Владыка Лука несколько раз произносил проповеди, обличая это нечестие, стыдил разрушителей храмов, принял участие в публичном многолюдном диспуте с молодым медиком-атеистом Чеглецовым. Тем самым Владыка Лука еще более настроил против себя енисейское партийное и советское начальство.

Враждебно относились к епископу Луке и некоторые местные медики, вернее, бывшие фельдшера, которые в то время вели частную практику, сменив опытных врачей: Войно-Ясенецкий лишил их клиентуры. Предприниматели от медицины, сколотившие капиталы в годы НЭПа, стали лицемерно жаловаться властям на " попа", который производит " безответственные" операции...

[31] Хая - деревушка в восемь дворов, кругом бескрайняя лесная пустыня. В марте тут еще глубокая зима. Дом часто до крыши заносило снегом. Приходилось ждать, пока утром олени протопчут тропу, чтобы можно было принести хвороста на растопку. В рукомойнике в сенях замерзала вода.

С глубоким христианским терпением переносил Владыка Лука все тяготы ссылки: " Обо мне не заботься, я ни в чем не нуждаюсь", - писал он сыну Михаилу из Енисейска, и через несколько месяцев снова: " Обо мне не беспокойтесь. Господь отлично устроил меня в Хае. Я радостен, глубоко спокоен, никаких нужд не испытываю - монахини с большой любовью заботятся обо мне".

[32] В Туруханске по словам простой пожилой женщины, санитарки районной больницы, " профессора Луку" и поныне знает " весь народ"; с благодарностью вспоминают о том, как он возвратил здоровье множеству людей, несмотря на то, что оборудование в больнице в двадцатые годы было самое примитивное: инструменты, например перед операцией кипятили в самоваре...

Рассказывают, что Владыка Лука жил очень бедно почти не имел вещей, только книги.

[33] Имя священника было отец Мартин Римша. До принятия сана он почти сорок лет был учителем в деревнях родной Белоруссии. Это был глубоко верующий человек, интеллигент. По болезни сердца оставил учительство, окончил в Москве пастырские курсы прот. Иоанна Восторгова (+1917 г. ) для Сибири и со всей большой семьей уехал на Енисей незадолго до Первой мировой войны. Туруханские крестьяне уважали о. Мартина; часто приходили к нему побеседовать сосланные в Туруханск большевики.

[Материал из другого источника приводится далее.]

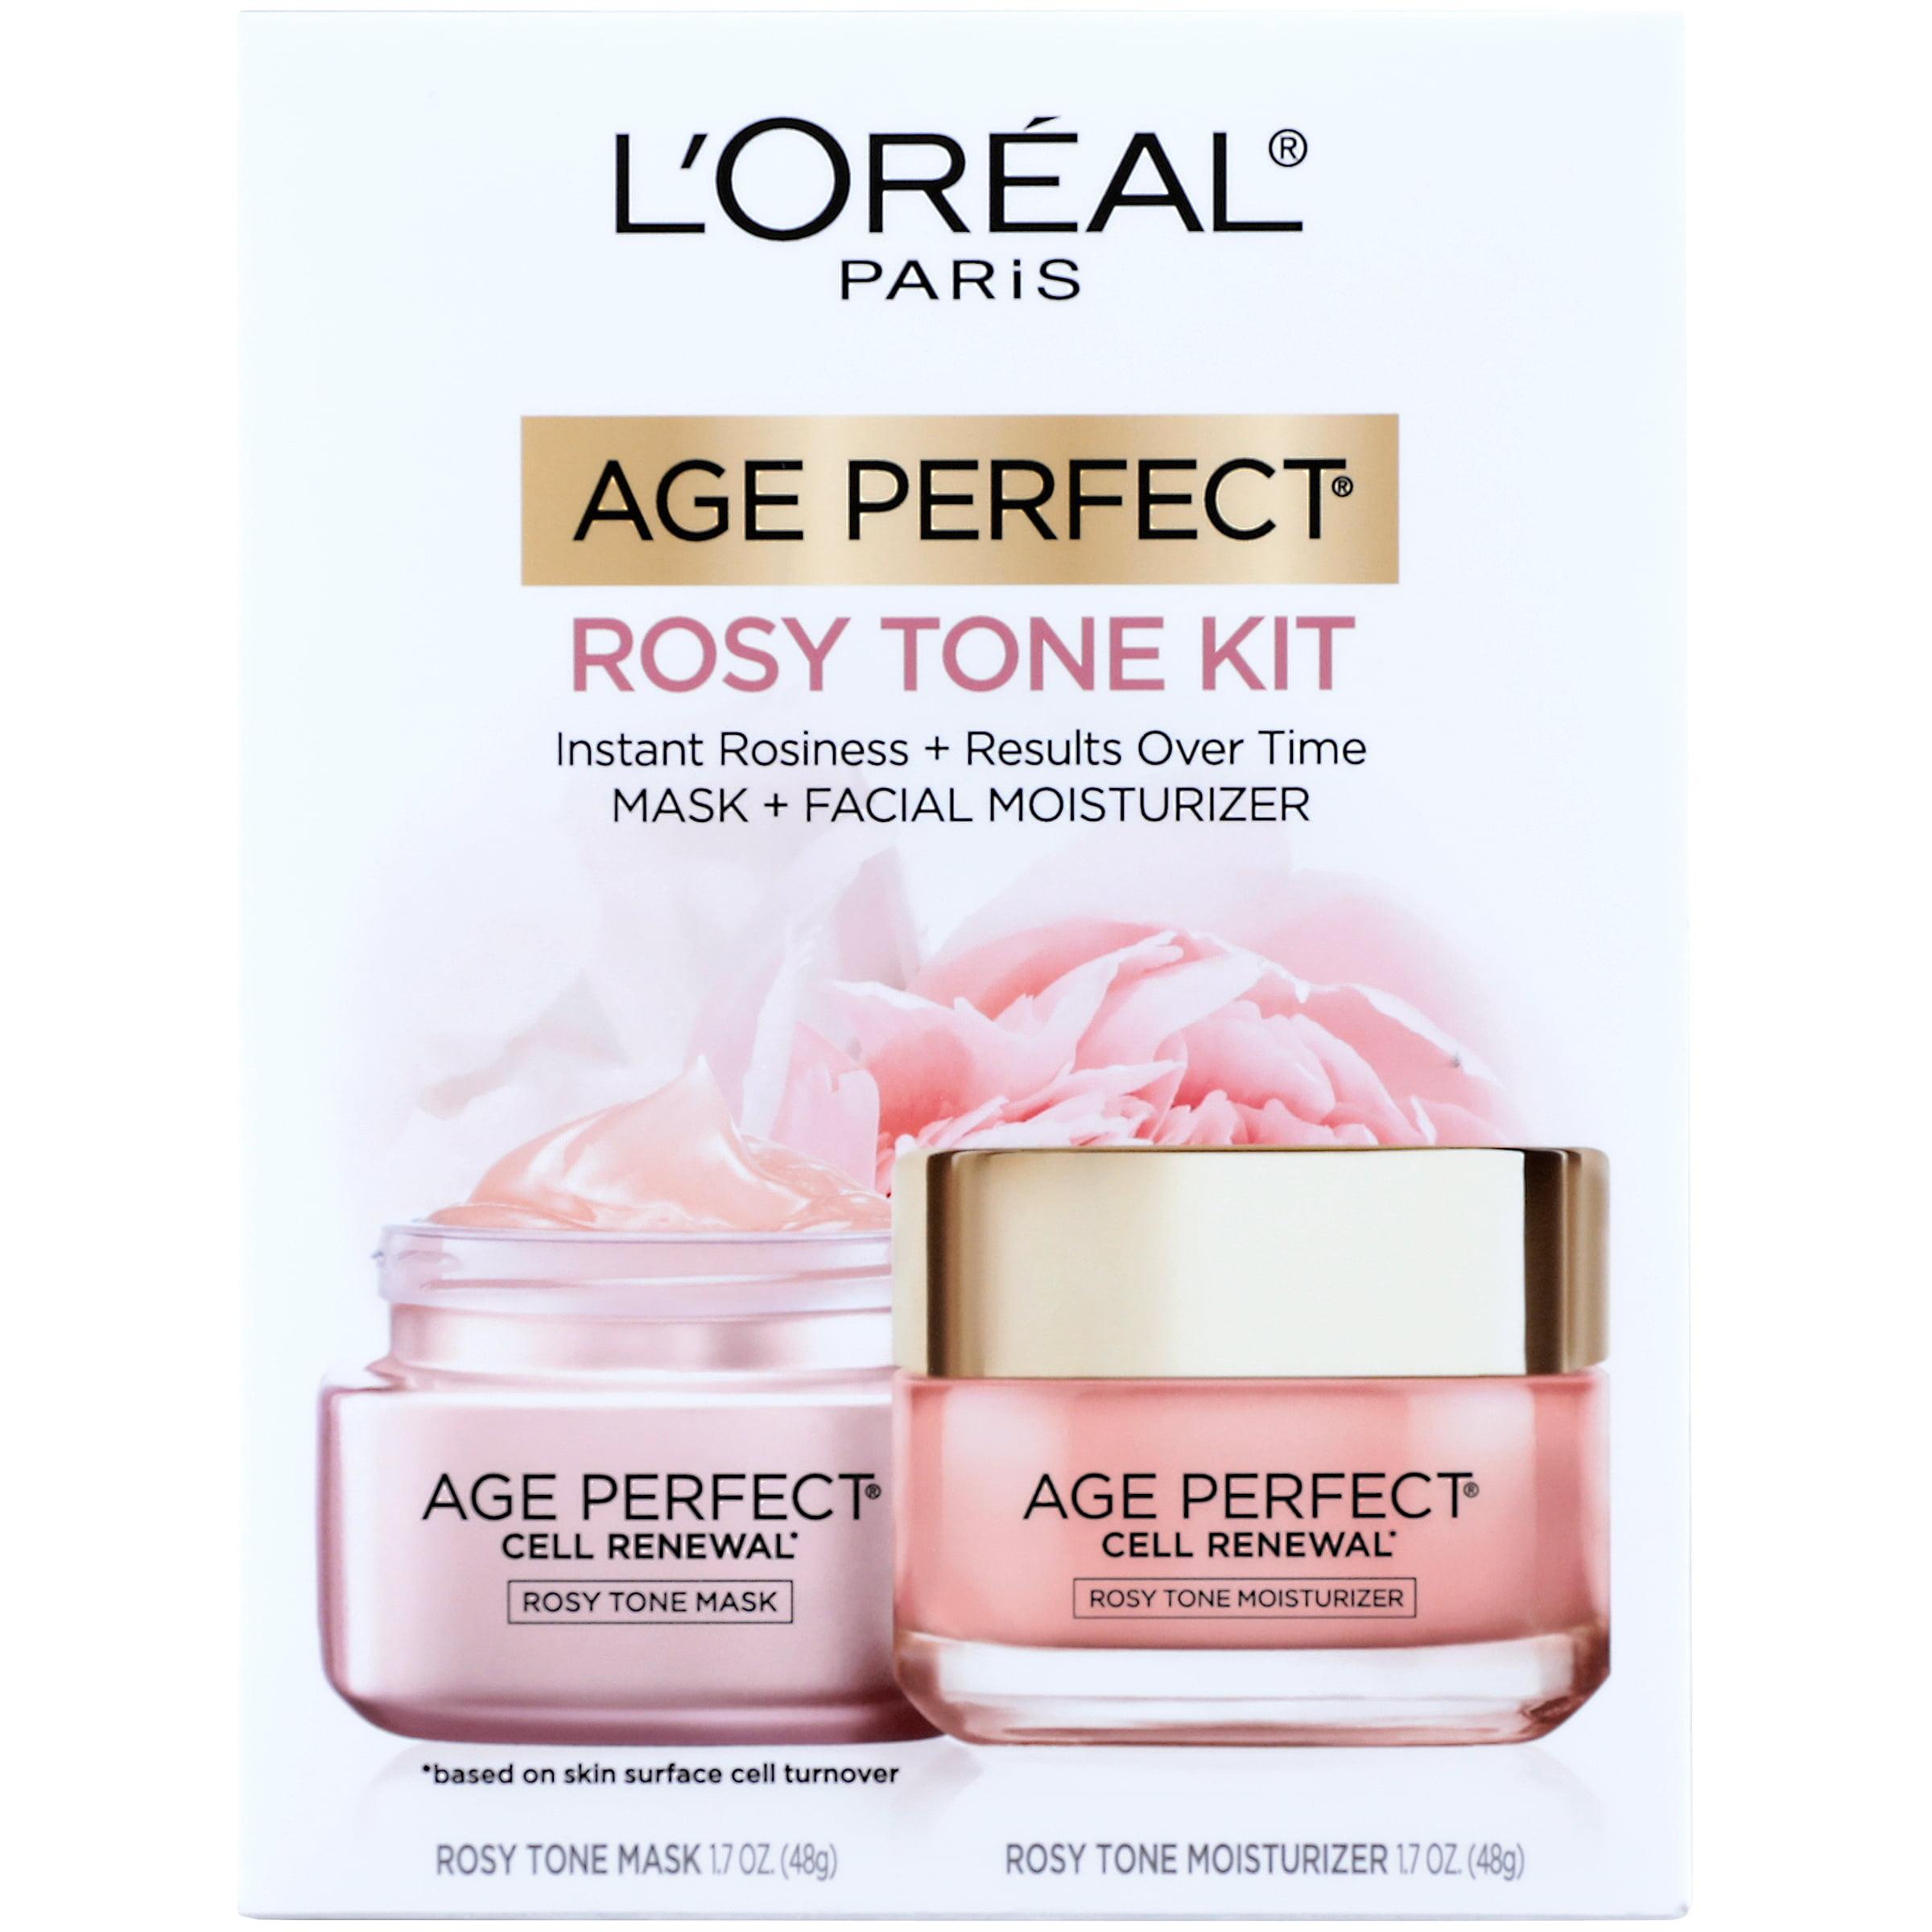 L'Oreal Paris Age Perfect Cell Renewal Rosy Tone Kit

Узнав от Владыки Луки, на какой политической закваске замешана " живая" церковь, о. Мартин все понял и легко обратился из раскола. В жизни о. Мартина было большое горе. Всеми силами стремился он воспитывать свою дочь в вере и благочестии: он отдал ее в епархиальное училище, затем для продолжения обучения - в Енисейский монастырь. У Веры были хорошие способности, ей легко давались Священная История и катехизис. Но, возможно, по причине изучения христианства более по букве, чем по духу, девушка, как это бывало в начале революции, совершенно потеряла веру в Бога, стала активисткой, уехала от родителей в Красноярск, вышла замуж, стала комсомолкой-безбожницей.

Приехав после смерти своей матери навестить отца и братьев, Вера привезла несколько номеров журнала " Безбожник", где печаталась тогда " Библия для неверущих" Емельяна Ярославского [Емельян Ярославский (Губельман Миней Израилевич), партийный деятель, возглавлял " Союз воинствующих безбожников" (СВБ), созданный в 1925 г. на основе актива газеты " Безбожник". Эта погромная организация нанесла непоправимый урон отечественной культуре. Пользуясь монополией в сфере идеологии, обладая разветвленной сетью периодических изданий (газета " Безбожник", журналы " Безбожник", " Атеист", " Антирелигиозник", " Юные безбожники" и др. ), имея свое издательство, союз фактически развернул широкую кампанию клеветы, кощунства, очернительства Святой Церкви, вдохновлял на погромы рядовых " безбожников" и обманутые " народные массы". Осквернение святынь, закрытие и разрушение храмов, сожжение икон, повсеместное едва ли не ежедневное оскорбление чувств православного народа - вот далеко не полный список злодеяний СВБ. С союзом сотрудничали Крупская, Красиков, Скворцов-Степанов, Демьян Бедный и др. В годы войны СВБ практически прекратил своё бесславное существование. В 1947 г. его функции были переданы Всесоюзному обществу по распространению политических и научных знаний (общество " Знание" ). ]. Отец Веры назвал эти писания " сатанинской философией".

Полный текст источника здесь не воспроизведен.